While these direct links involved only a small number of activists, there is overwhelming support from civil society for an end to the military standoff, which saps resources that could be spent instead on public services. Ironically the attendance from Pakistan was made easier because Bush had been leaning on both governments to come to some accommodation, and India’s Prime Minister Atal Vajpayee, effectively launching his election campaign at the time the WSF took place, was keen to comply. Despite this, of around two thousand activists from Pakistan only around seven hundred were finally granted visas – a fact the mainstream media in both countries failed to report.
Women made up more than fifty per cent of the participants, although this was not reflected in the composition of the platforms. In India both political parties and some of the social movements have separate women’s organisations, and perhaps this positively affected the numbers of women who attended. Certainly it had an effect on visibility with a large number of the many spontaneous demonstrations around the site being by women’s organisations behind their various banners.
Cultural activities, including music, dance and street theatre were integral to the event. Even at the massive opening and closing plenaries, held in the open air, the atmosphere felt more like that of a pop festival than a meeting. There was as much political significance in opening the event with a set from Pakistani band Junoon, as having Pakistani speakers on the platform.
The World Social Forum in Mumbai was inspiring at many different levels. I learnt from the struggles of many of the individuals and groups I met, whether in formal sessions or over food or entertainment. I was energised by the diversity of activity, by others’ sense of discovery of the links between struggles in different parts of the world.

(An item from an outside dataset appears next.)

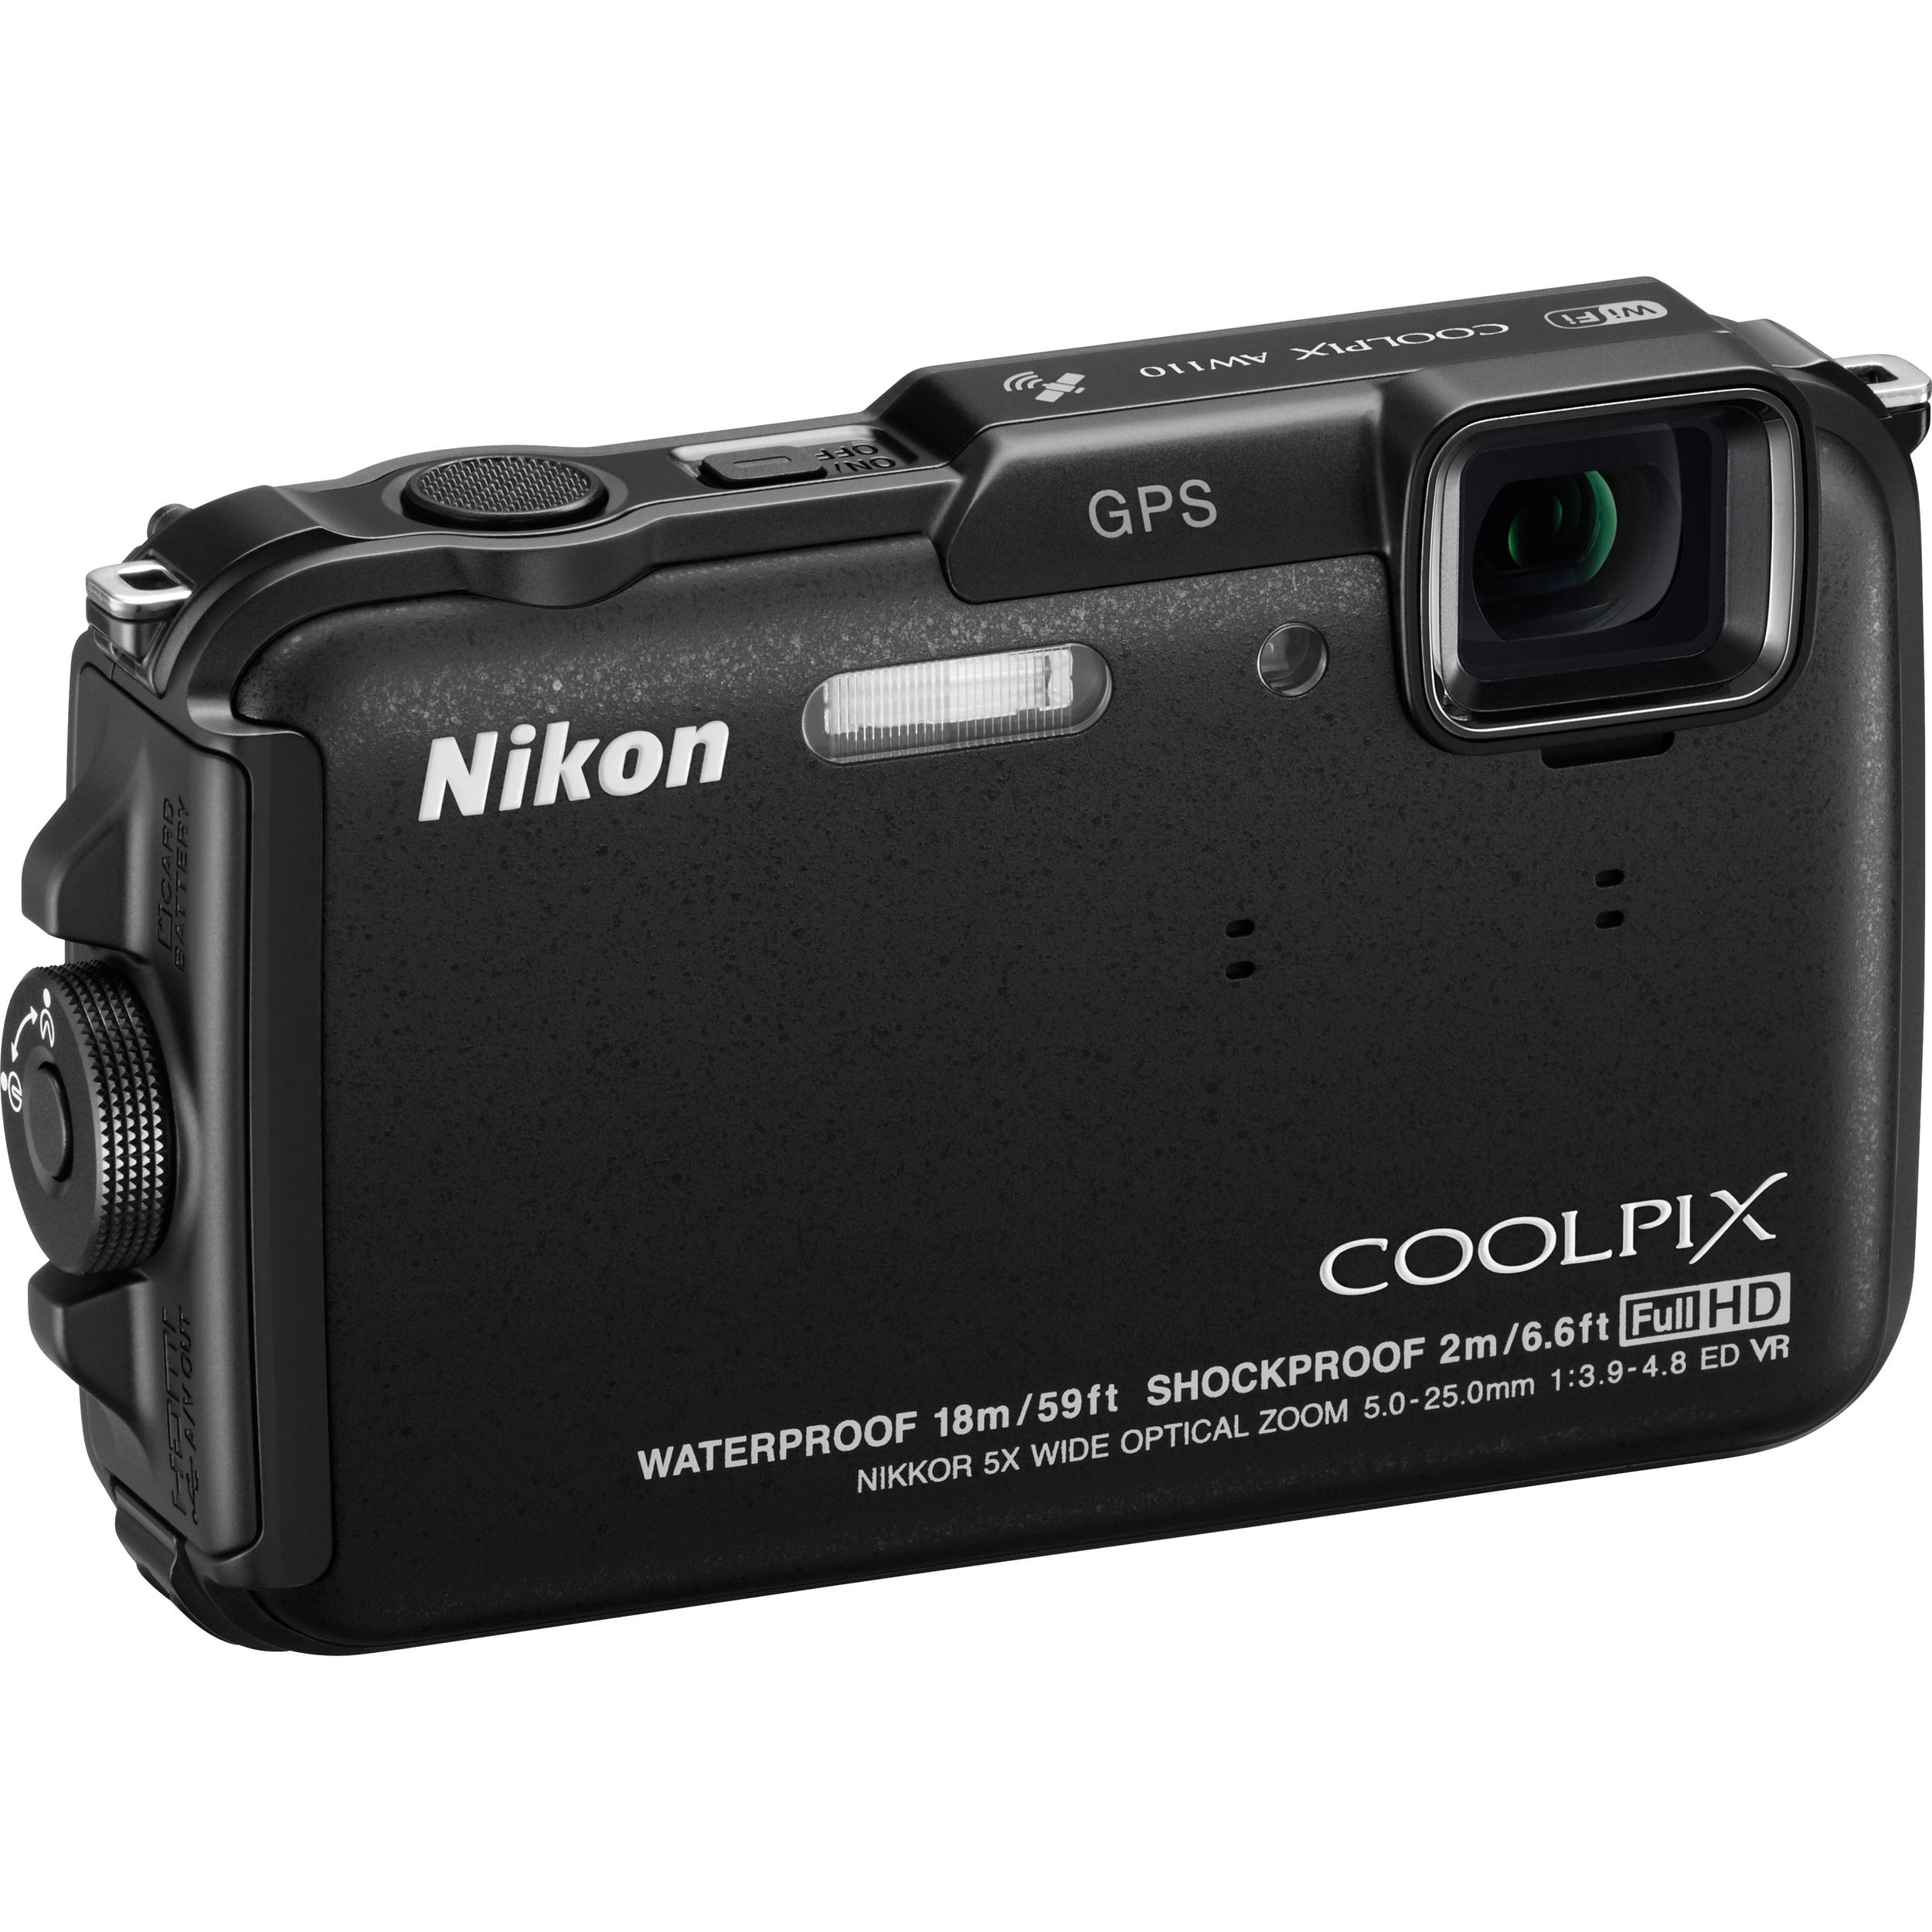 nikon coolpix aw110 digital camera black 26410 b h photo video rh bhphotovideo com coolpix aw110 manual coolpix aw110 manual

One aspect of the event that I found more satisfying than the parallel experience of the European Social Forums in Florence and Paris is that it seemed the organising committee, perhaps from a sense of its own fragility, had not tried to centralise everything. In the European settings, I attended a number of events where different groups had come together under one seminar title, but with very different things to say about the same subject. This made for quite unsatisfactory meetings – they weren’t set up as polemics, which certainly have their place, especially in the main plenaries, but instead ended up being somewhat incoherent and not terribly enlightening. In Mumbai, I did not have that feeling. Maybe this was just luck, but I got the impression that it was precisely because more autonomy was given to seminar organisers to find their own partners. Perhaps this way of organising, which some call horizontal, is something that should be taken on board at the forthcoming European Social Forum in London.